AFP/Jorge Silva, Pool

SEOUL, South Korea — North Korean leader Kim Jong Un's influential sister slammed the US and South Korea on Tuesday, state media reported, as the new US secretaries of state and defence began a visit to Tokyo and Seoul.

The US and South began joint military exercises last week and Pyongyang's official Rodong Sinmun newspaper carried a statement from Kim Yo Jong offering "a word of advice to the new administration of the United States that is struggling to spread the smell of gunpowder on our land from across the ocean".

"If you wish to sleep well for the next four years, it would be better not to create work from the start that will make you lose sleep," she said.

It is the first explicit reference by the nuclear-armed North to a new president in Washington, more than four months after Joe Biden was elected to replace Donald Trump — although it still did not mention the Democrat by name.

Trump's unorthodox approach to foreign policy saw him trade insults and threats of war with Kim Jong Un before an extraordinary diplomatic bromance that saw a series of summits. 

But ultimately the relationship made no progress towards the denuclearisation of the North, which is under multiple international sanctions for its banned weapons programmes.

The talks process was brokered by the South's President Moon Jae-in but relations between Seoul and Pyongyang have been in the deep freeze since Kim and Trump's summit in Hanoi collapsed in February 2019.

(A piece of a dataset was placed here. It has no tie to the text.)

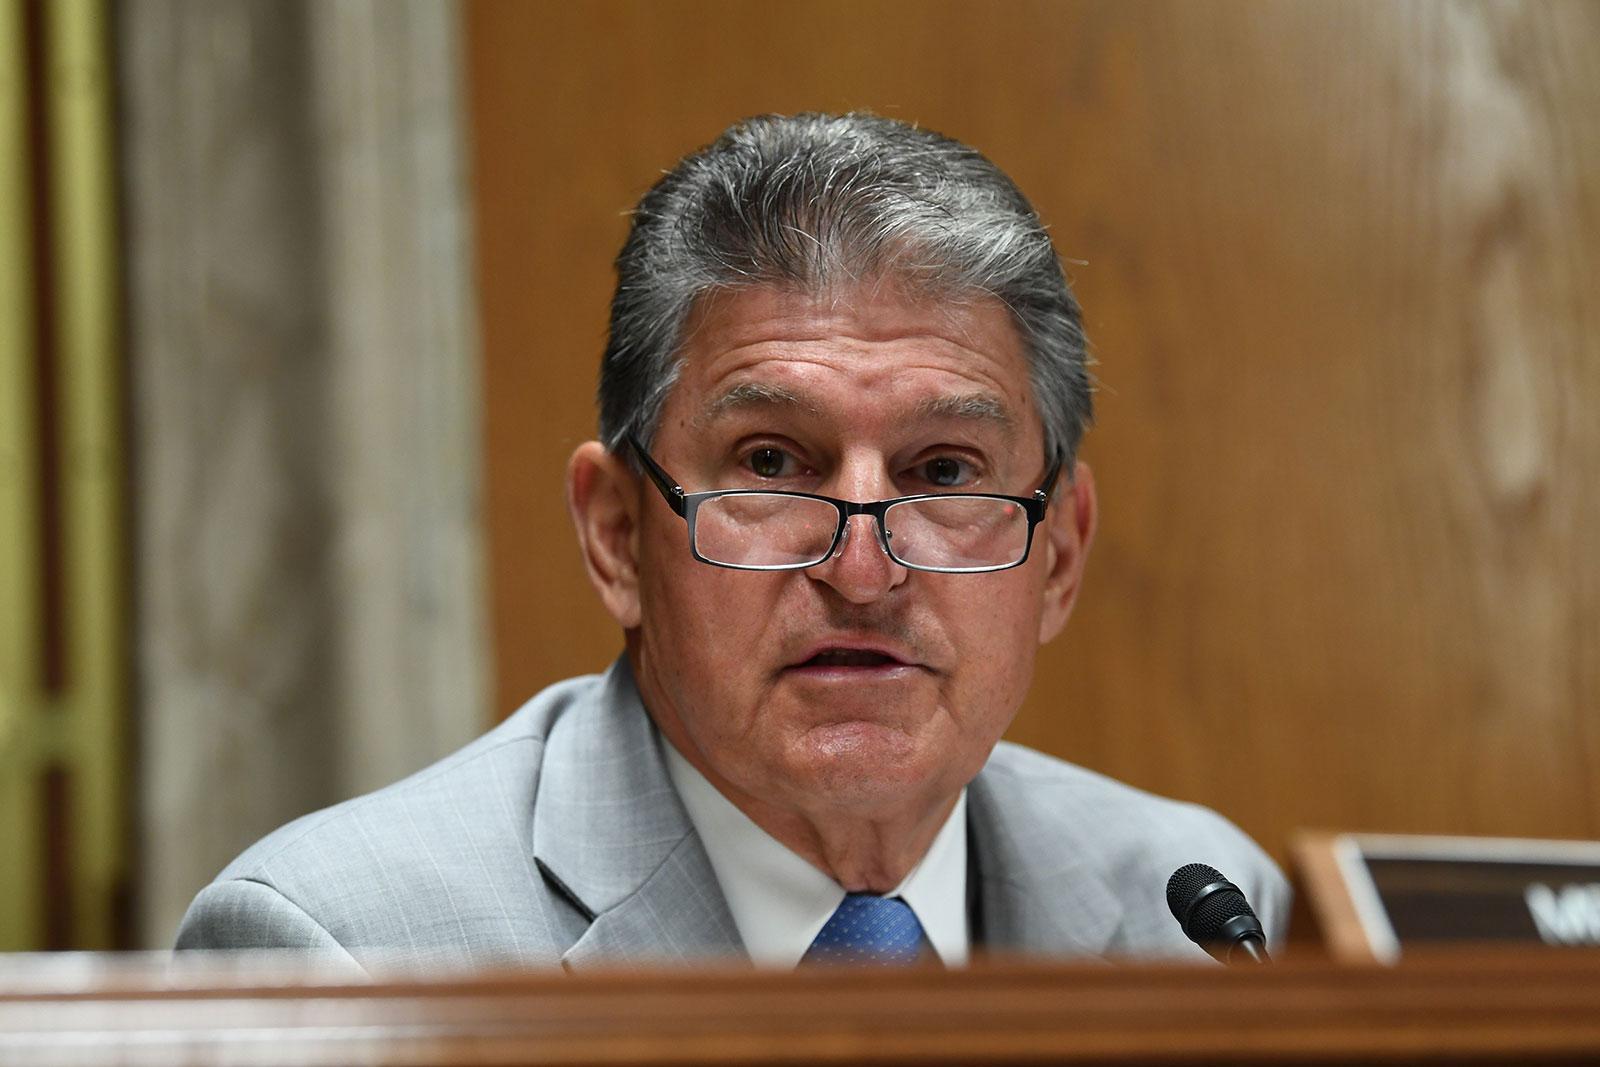 Senator Joe Manchin speaks during a hearing on June 16.

Kim Yo Jong is a trusted adviser to her brother and was a key voice when inter-Korean tensions mounted last year, culminating in the North blowing up a liaison office on its side of the border.

Seoul and Washington are treaty allies, with the US stationing around 28,500 troops in the South to defend it against its neighbour, and they began computer-simulated joint military exercises last week.

The North always condemns such drills as preparations for invasion, and in her statement, Kim Yo Jong said: "The South Korean government yet again chose the 'March of War', the 'March of Crisis' rather than a 'warm March'' before all the people."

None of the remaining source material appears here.